Over the past 18 months, the UK – along with many other countries – has been wrestling to understand what legislation and regulation are needed to govern generative AI and other rapidly evolving technologies. The age of foundation AI is characterised by models of large scale and high flexibility, underpinning systems capable of having complex interactions and producing rich outputs. There are risks, too, as have been reflected in the UK-hosted AI Safety Summit at Bletchley Park, and the establishment of the AI Safety Institute. Recognising both the potential and the risks, the ODI has embarked on a programme of work on Data-centric AI designed to bring about an AI ecosystem grounded in responsible data practices.
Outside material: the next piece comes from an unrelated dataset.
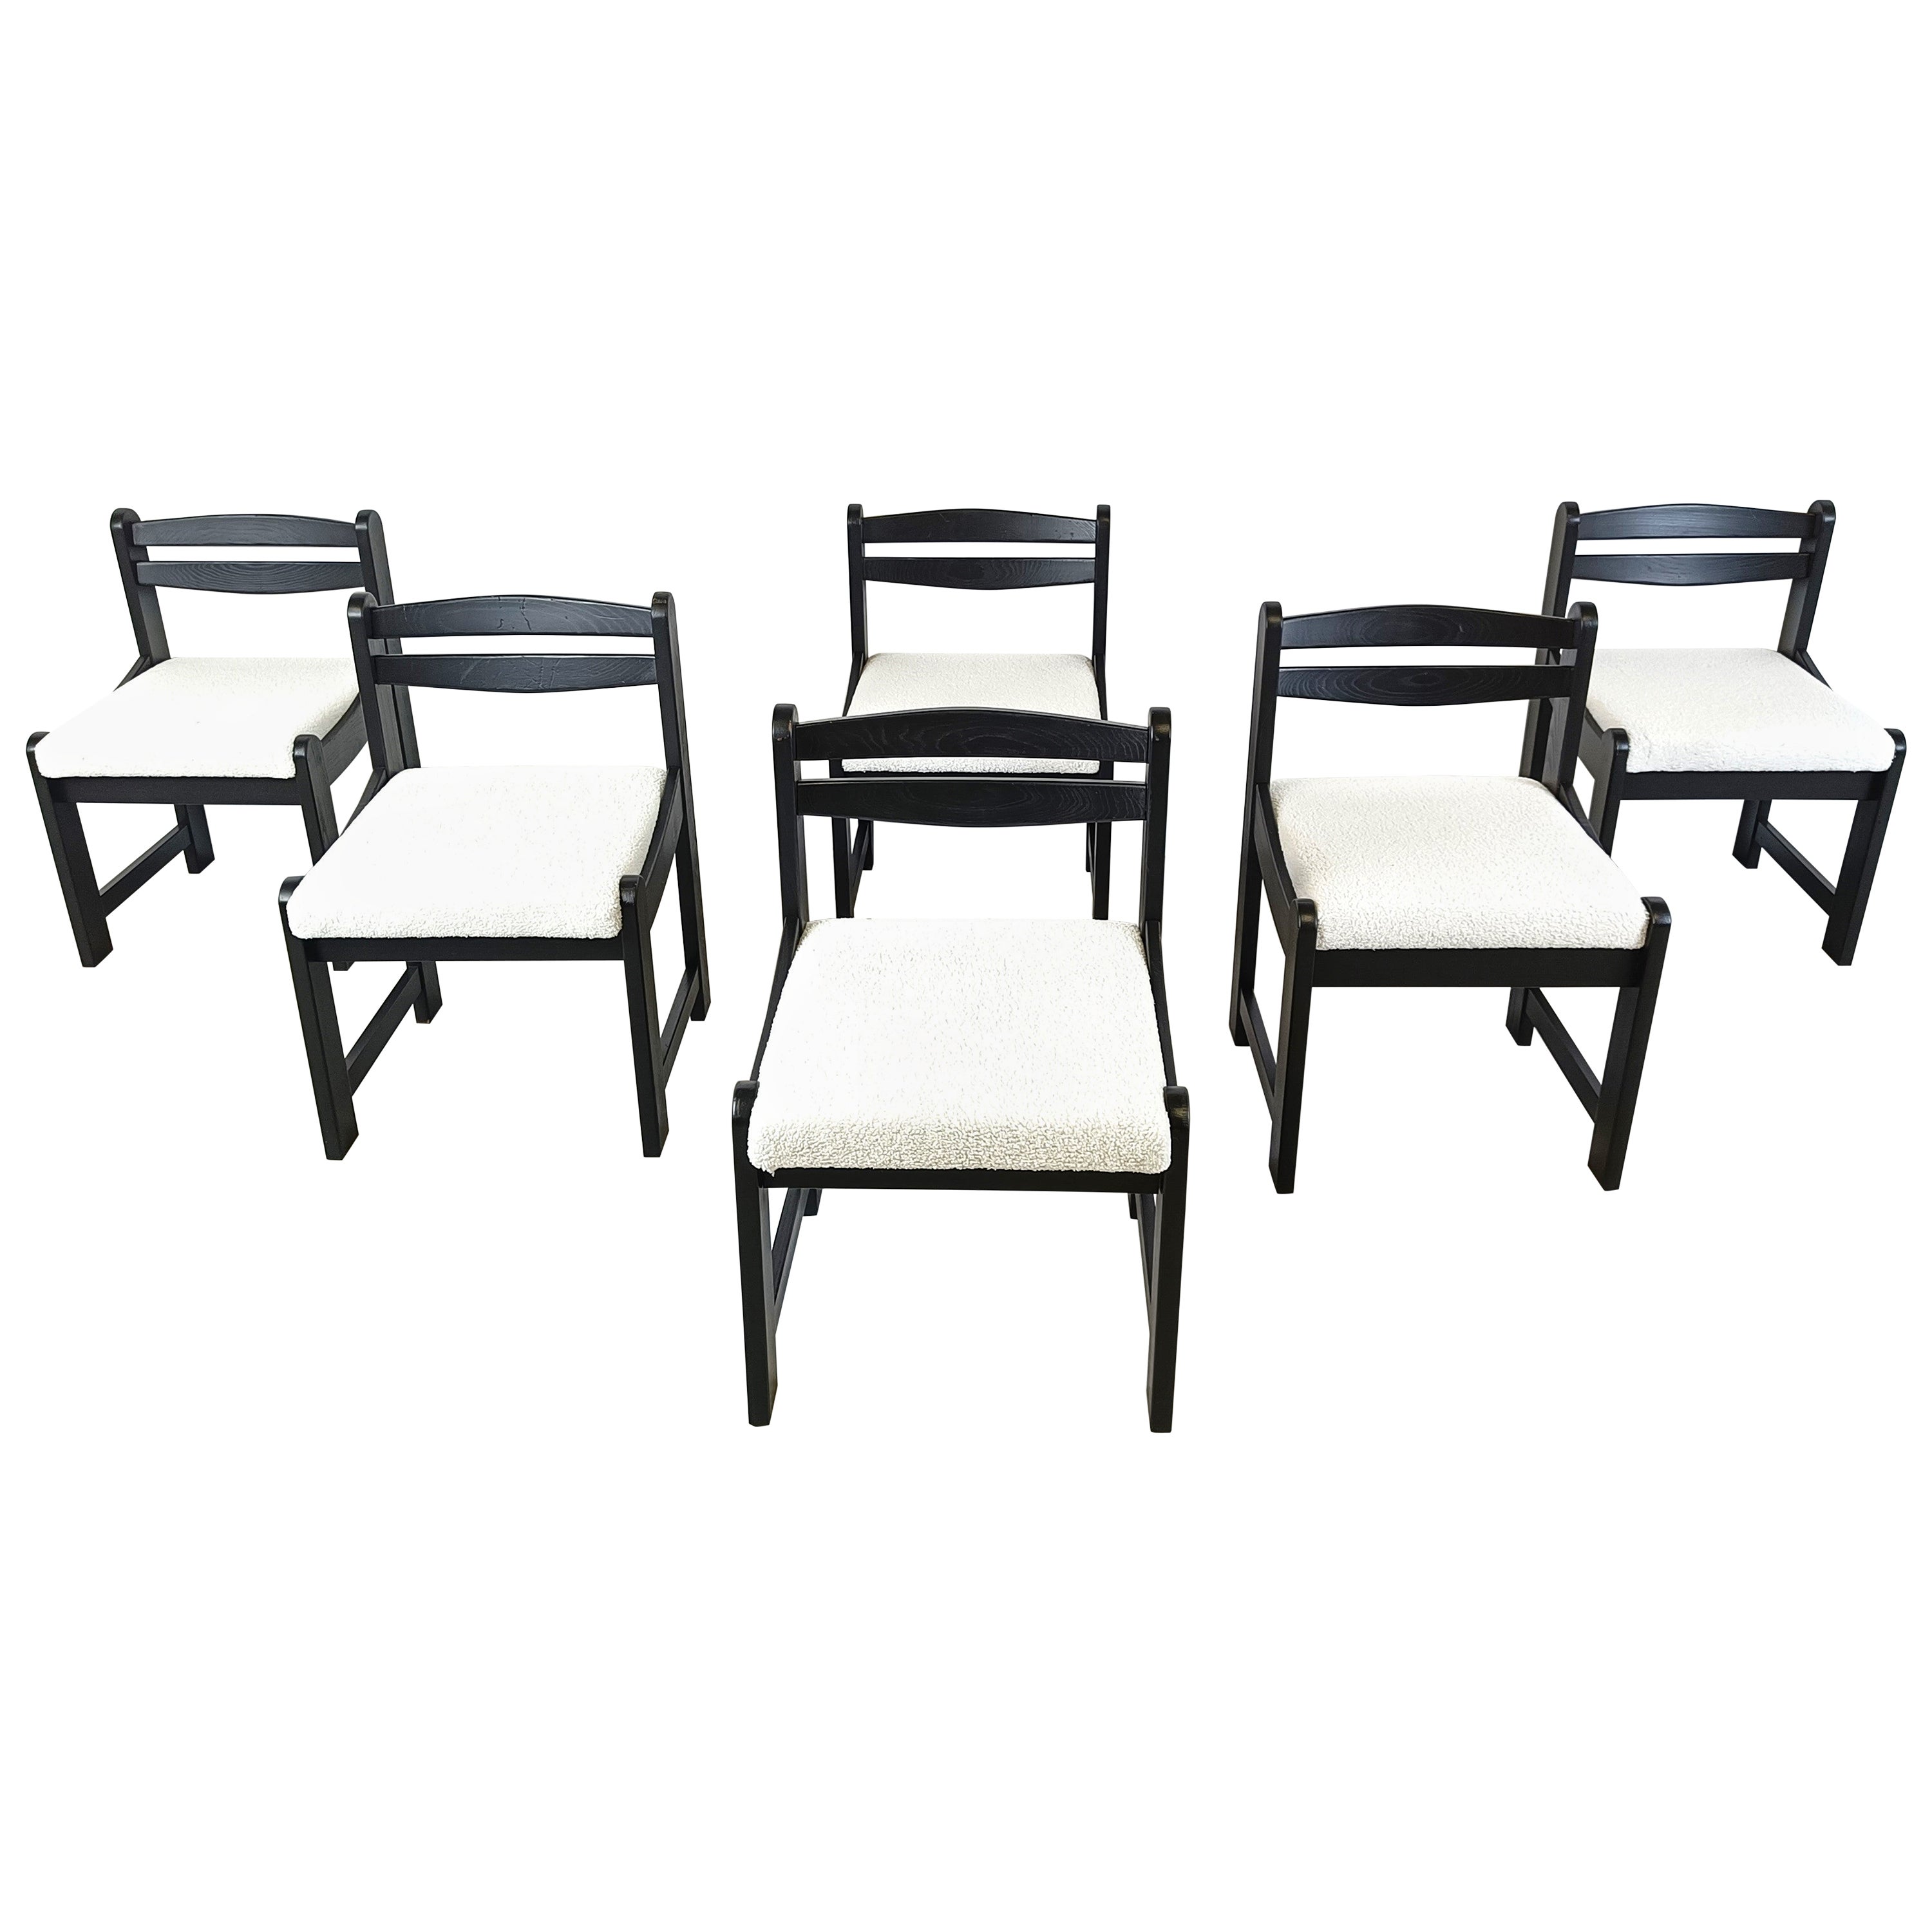 Vintage brutalist dining chairs, set of 6 - 1970s For Sale

Governments have a significant role to play here, from introducing new laws to govern the use of data to train AI, to stimulating investment and innovation in data assurance and sharing, to using data and AI themselves - in a transparent manner - to deliver public services. As part of our work, we have explored what policy interventions need to be made to ensure that these new technologies are developed and deployed in a way that benefits everyone - people, communities and businesses.
This is the first in a series of five pieces exploring these policy interventions, and how they can help to positively shape the landscape.
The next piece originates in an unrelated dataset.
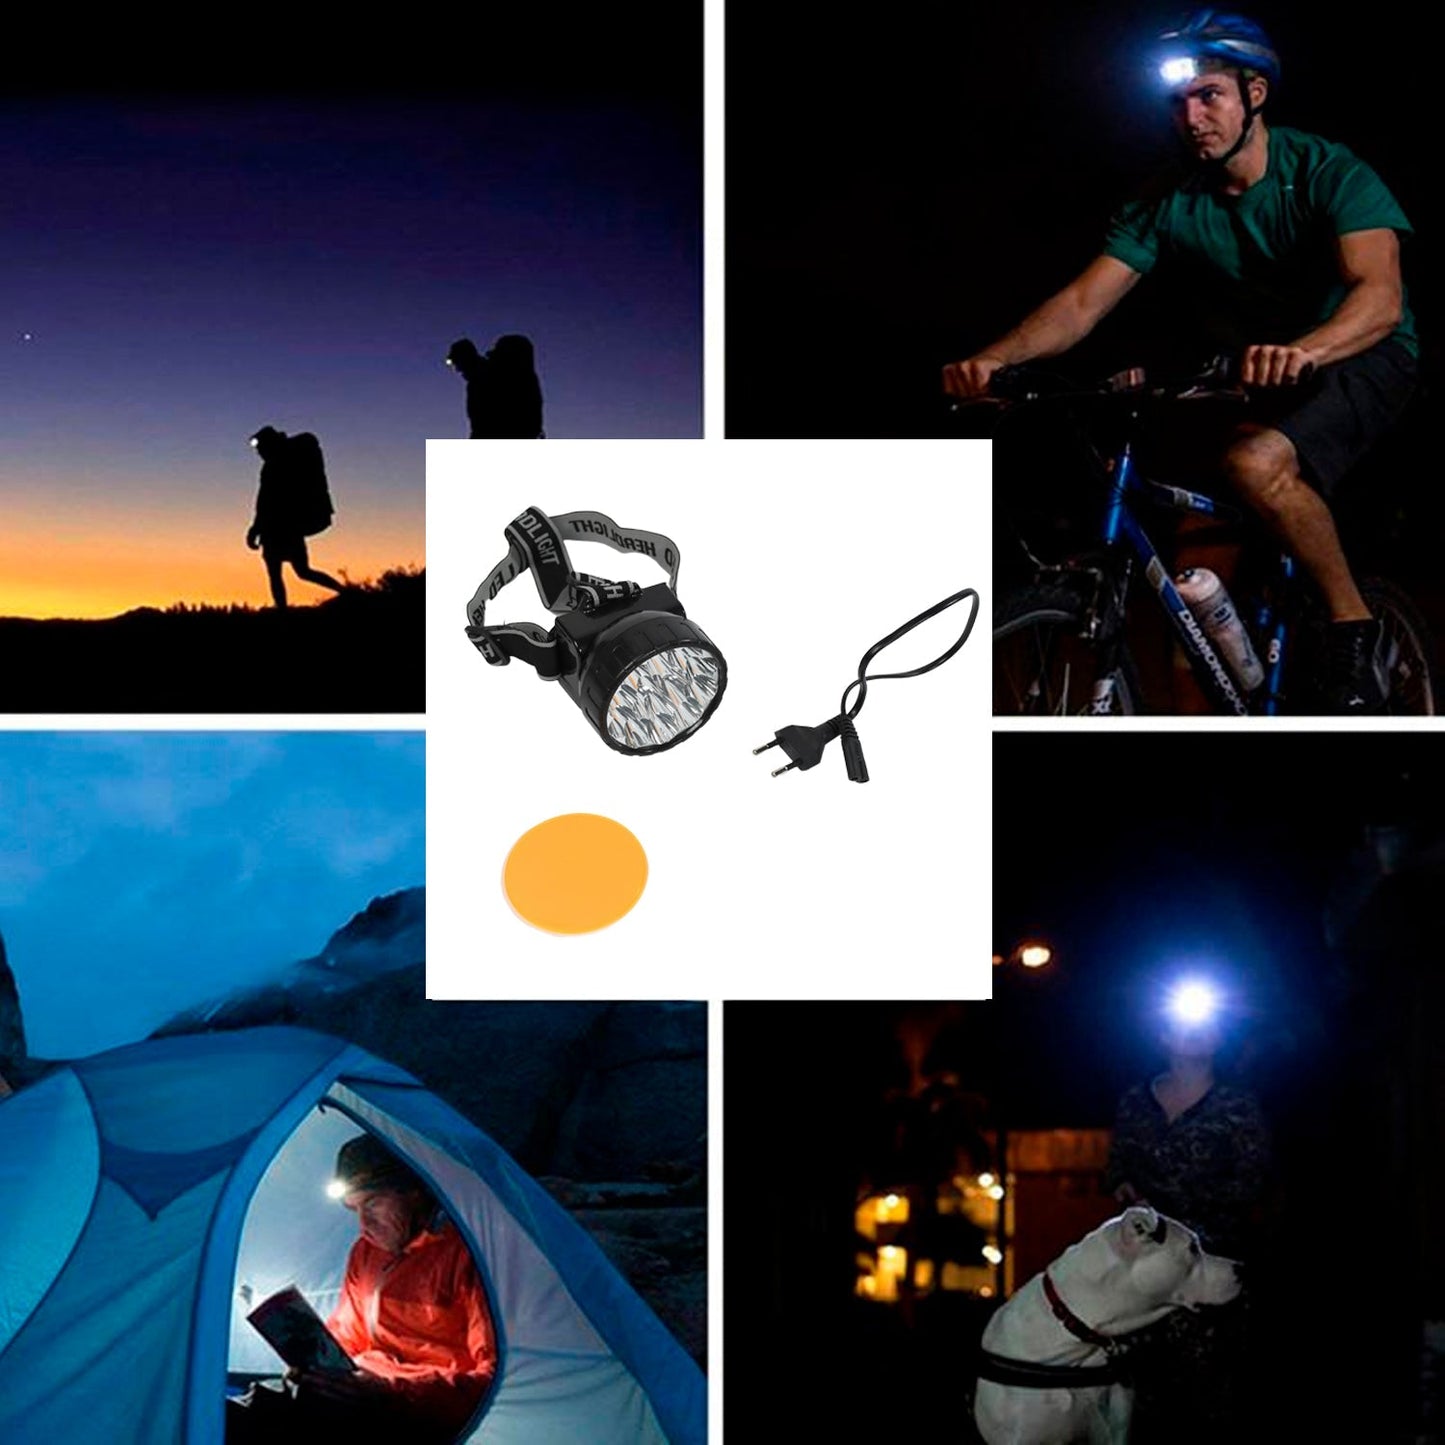 Head Lamp 15 Led Long Range Rechargeable Headlamp Adjustment Lamp Use For Farmers, Fishing, Camping, Hiking, Trekking, Cycling

What is transparency for training data?
Training data is the data used to train an artificial intelligence (AI) model. According to the assessments of the Stanford Foundation Model Transparency Index, transparency for training data involves disclosing things such as:
- The size of the dataset
- The source of the data
- Who created the data
- How the data was created
- How the dataset has been augmented - and for what purpose
- How the dataset has been filtered (e.g. for harmful content)
- Whether the dataset includes copyrighted data
- What licence the data can be used under
- Any personal information included in the data
We’re talking primarily here about training data, fine-tuning and preference data, as well as other data artefacts – we’ll focus on the availability of training data itself in a later policy principle.
Why is training data transparency important?
Most leading AI firms have refused to disclose details about the data they’ve used to train and test AI models. The Stanford Foundation Model Transparency index, which assesses the major foundational models that provide the backbone of many AI tools and services, demonstrated that transparency regarding the data used was very low compared to other aspects of transparency. In documentation published at the launch of its GPT-4 model, OpenAI stated that it wouldn’t share detailed information about ‘dataset construction’ and other aspects of the model’s development due to 'the competitive landscape and the safety implications of large-scale models' – a decision that was roundly criticised by a number of leading researchers.
Which data is used to build AI systems is important; but how well those developing, deploying and using AI systems understand biases, limitations, and legal obligations associated with the use of this data is equally crucial to ensure systems are implemented responsibly. Further downstream, the users of AI systems and those impacted by their use are far more likely to trust them if they understand how they’ve been developed. In theory, should the system be explained correctly, ‘the user should know when to trust the system’s predictions and when to apply their own judgement’.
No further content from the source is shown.